┌─ TASK INPUT

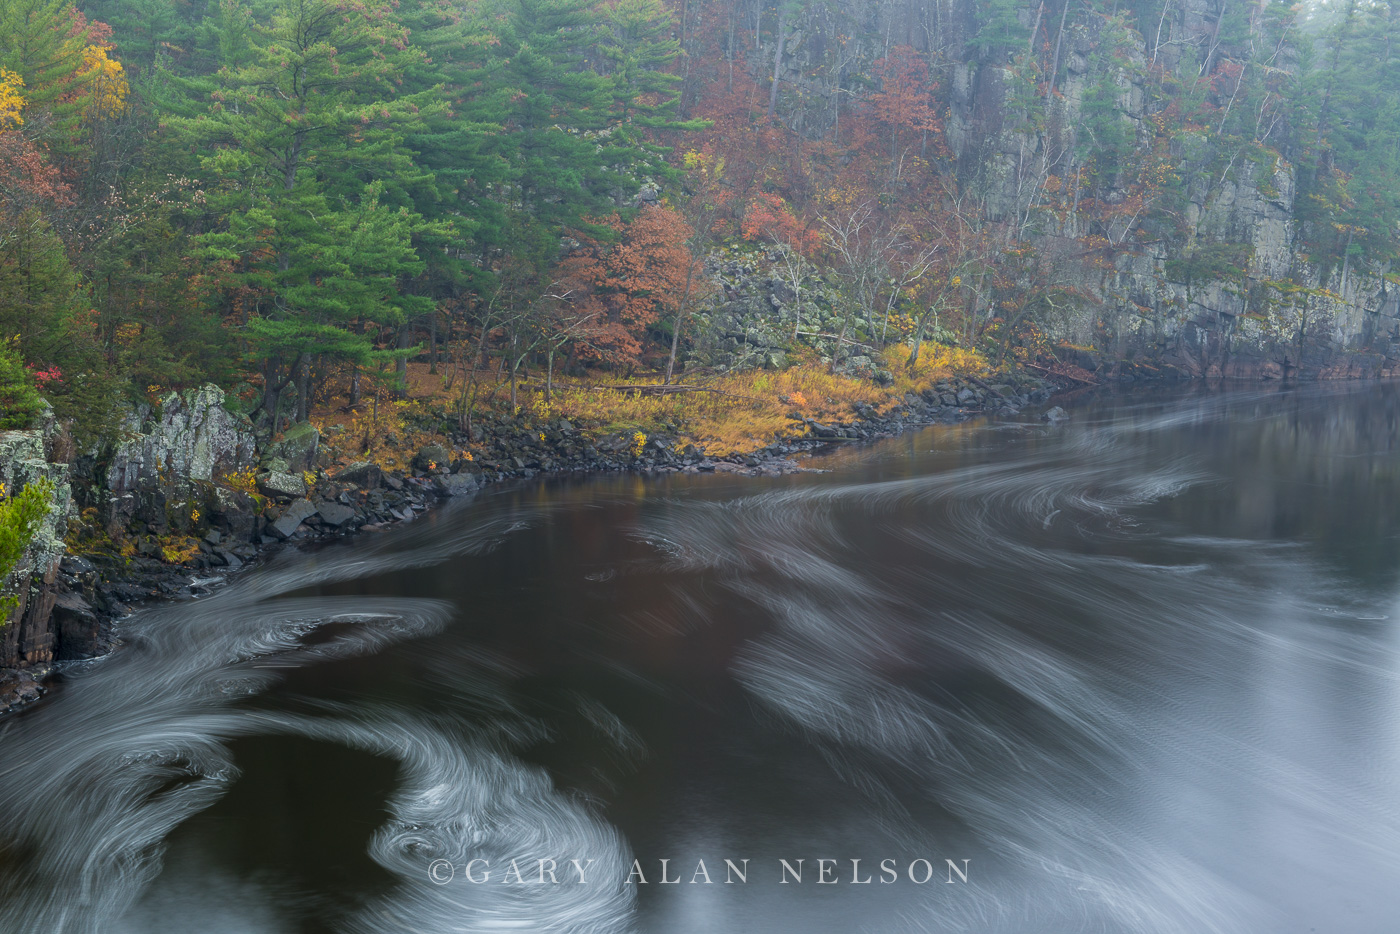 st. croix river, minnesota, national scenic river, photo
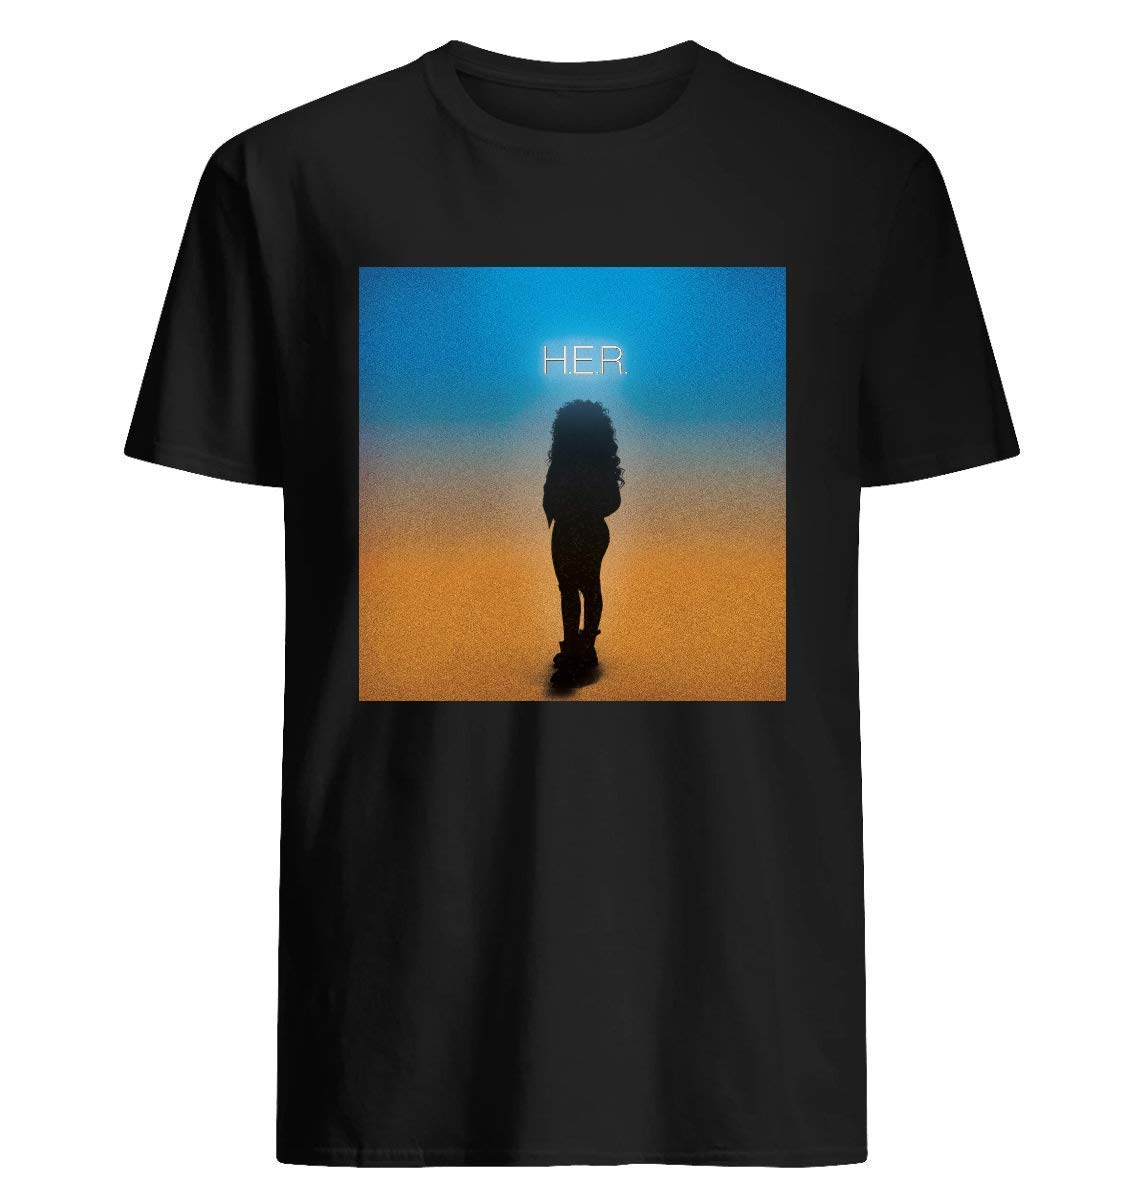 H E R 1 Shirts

└─
┌─ TASK INPUT

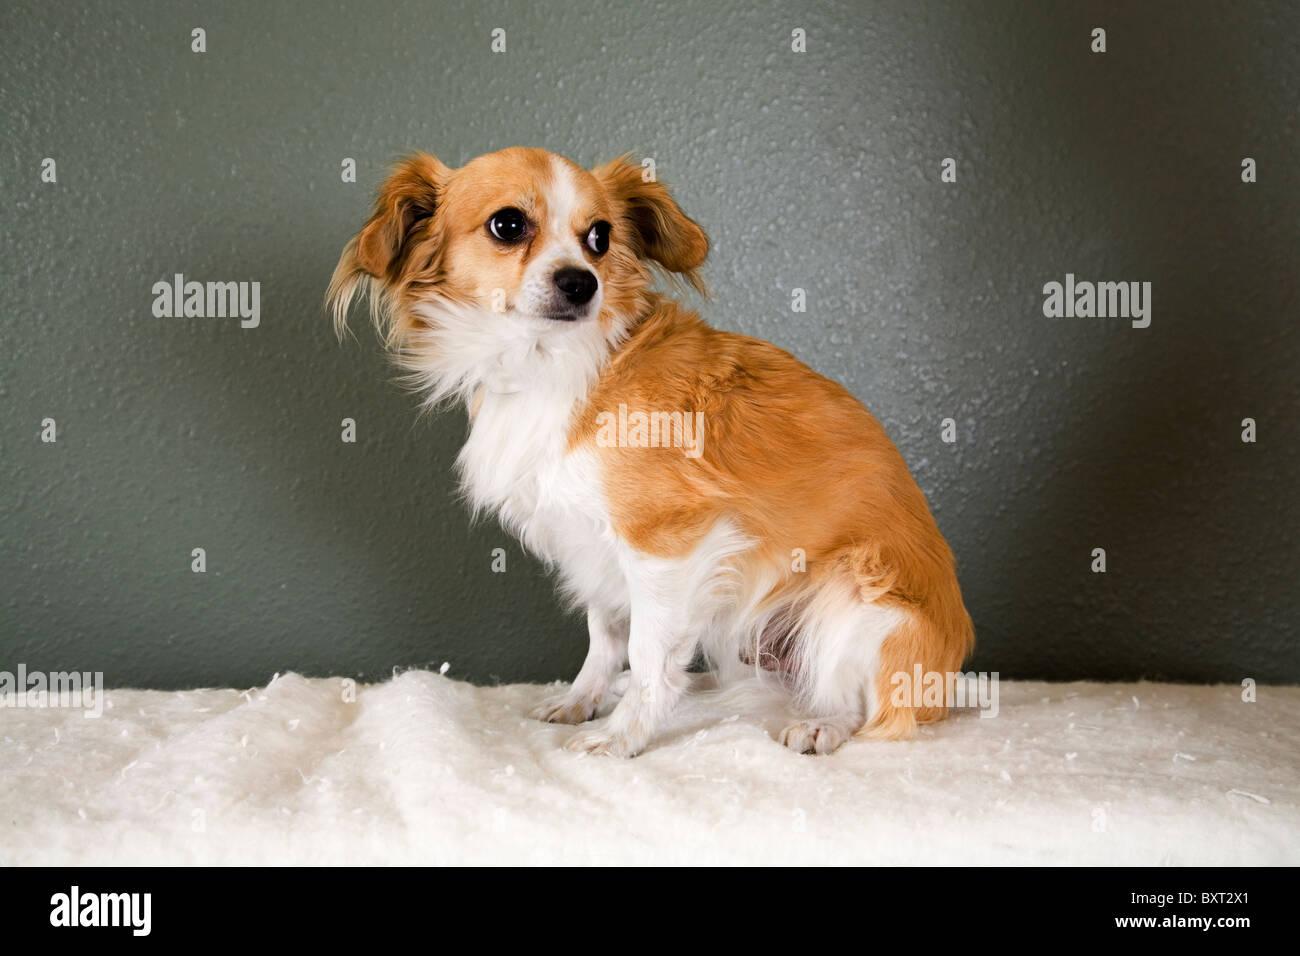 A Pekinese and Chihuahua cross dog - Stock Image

└─

> [ASSIGNMENT] Write out word for word the lines above that run from the one with "st. croix river, minnesota, national" to the one with "H E R 1 Shirts". Include both end lines; exclude the images.

> [PROBLEM SOLUTION]
 st. croix river, minnesota, national scenic river, photo
 H E R 1 Shirts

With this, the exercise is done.